> Exercise prompt
Please set down the data word for word; images do not go in the copy.

> Data provided
<<<<
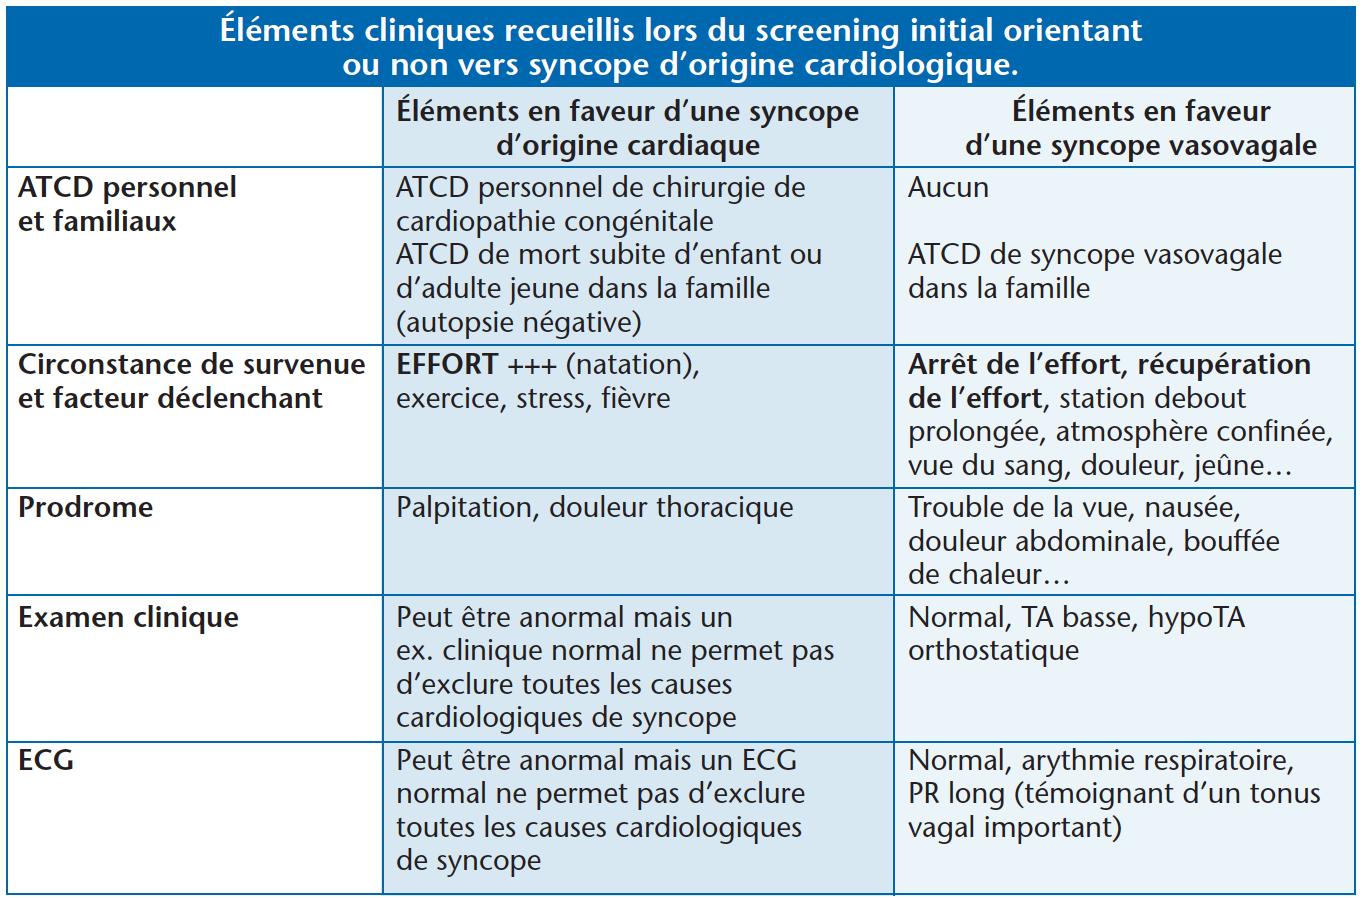 https://www.cardiologie-pratique.com/sites/www.cardiologie-pratique.com/files/images/article-journal/capture_decran_2018-06-07_a_10.11.16.png
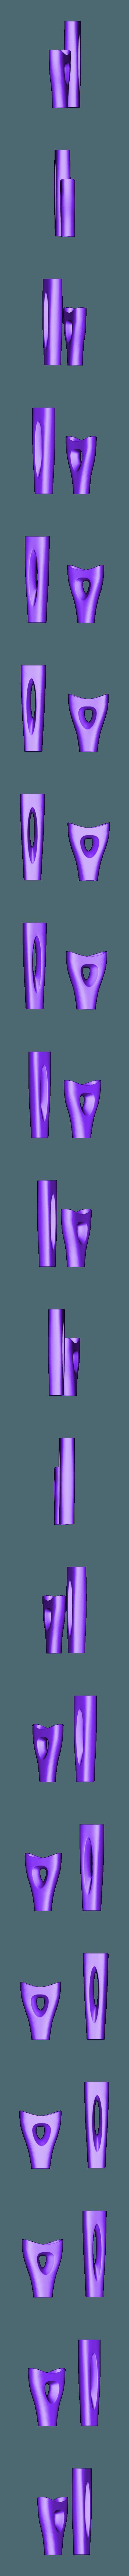 VASE.obj Télécharger fichier OBJ gratuit Vase • Objet à imprimer en 3D, Aprilis
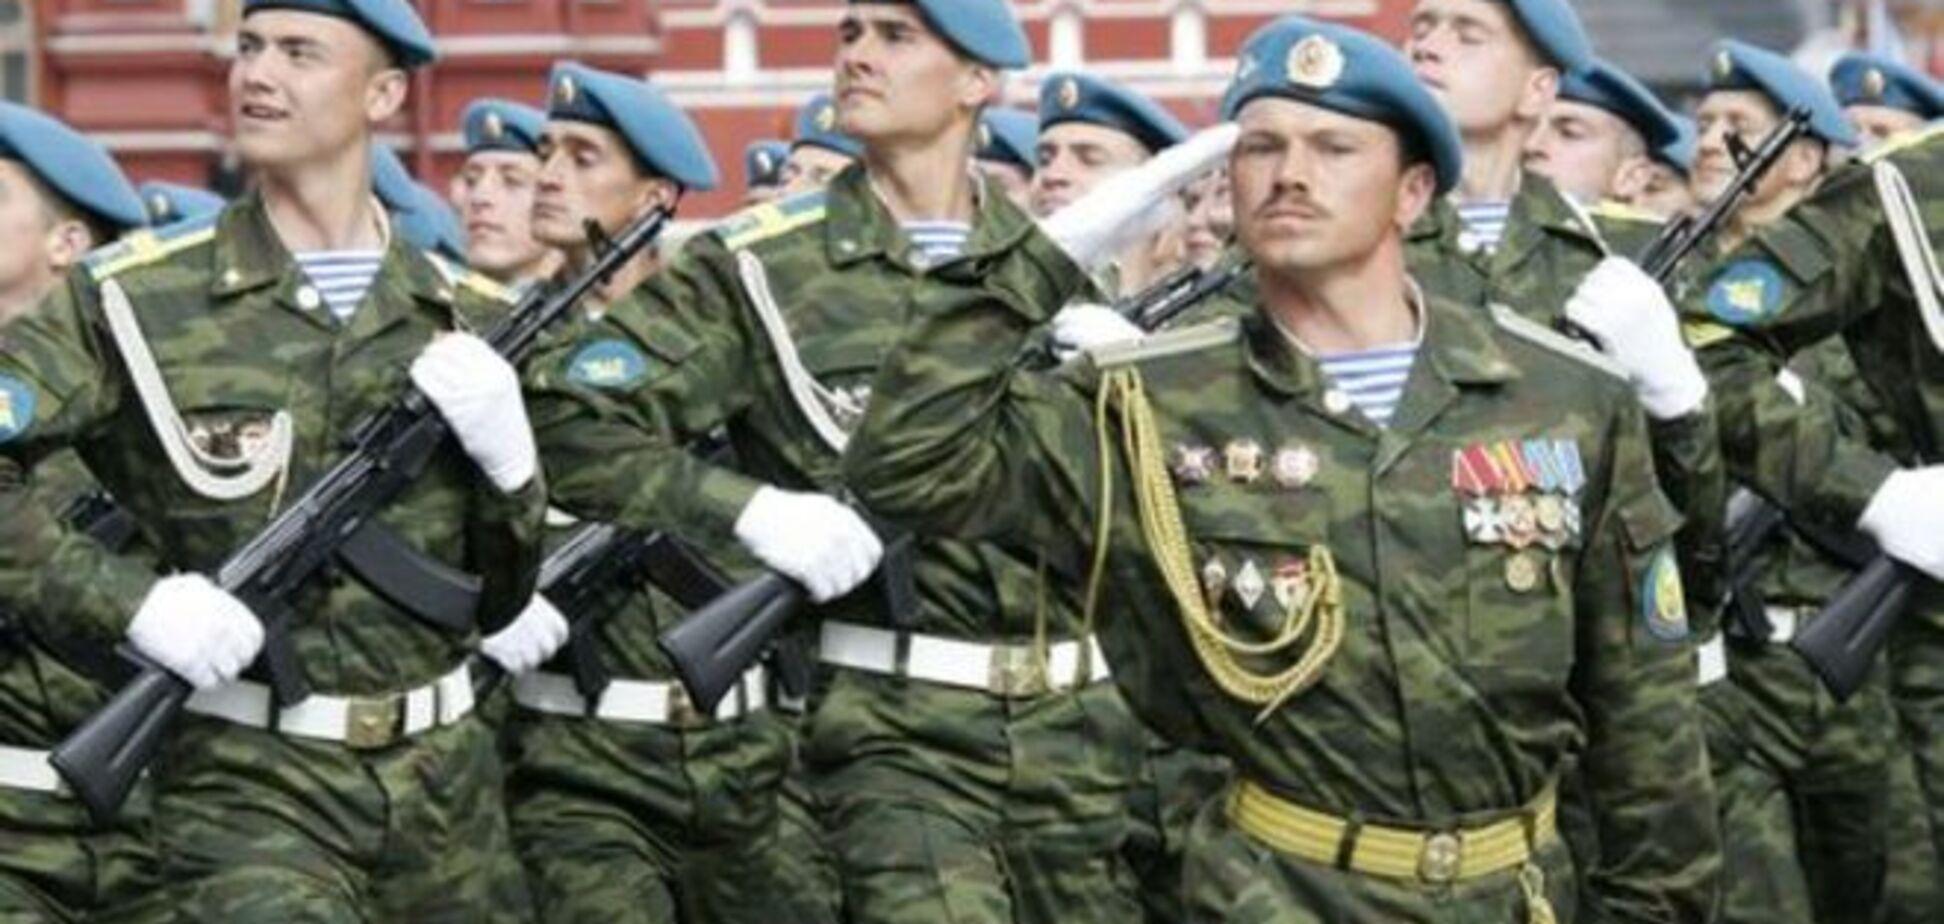 На 'путінському' параді в Москві будуть марширувати бойовики з Донбасу - Муженко
>>>>
> Written response
 https://www.cardiologie-pratique.com/sites/www.cardiologie-pratique.com/files/images/article-journal/capture_decran_2018-06-07_a_10.11.16.png
 VASE.obj Télécharger fichier OBJ gratuit Vase • Objet à imprimer en 3D, Aprilis
 На 'путінському' параді в Москві будуть марширувати бойовики з Донбасу - Муженко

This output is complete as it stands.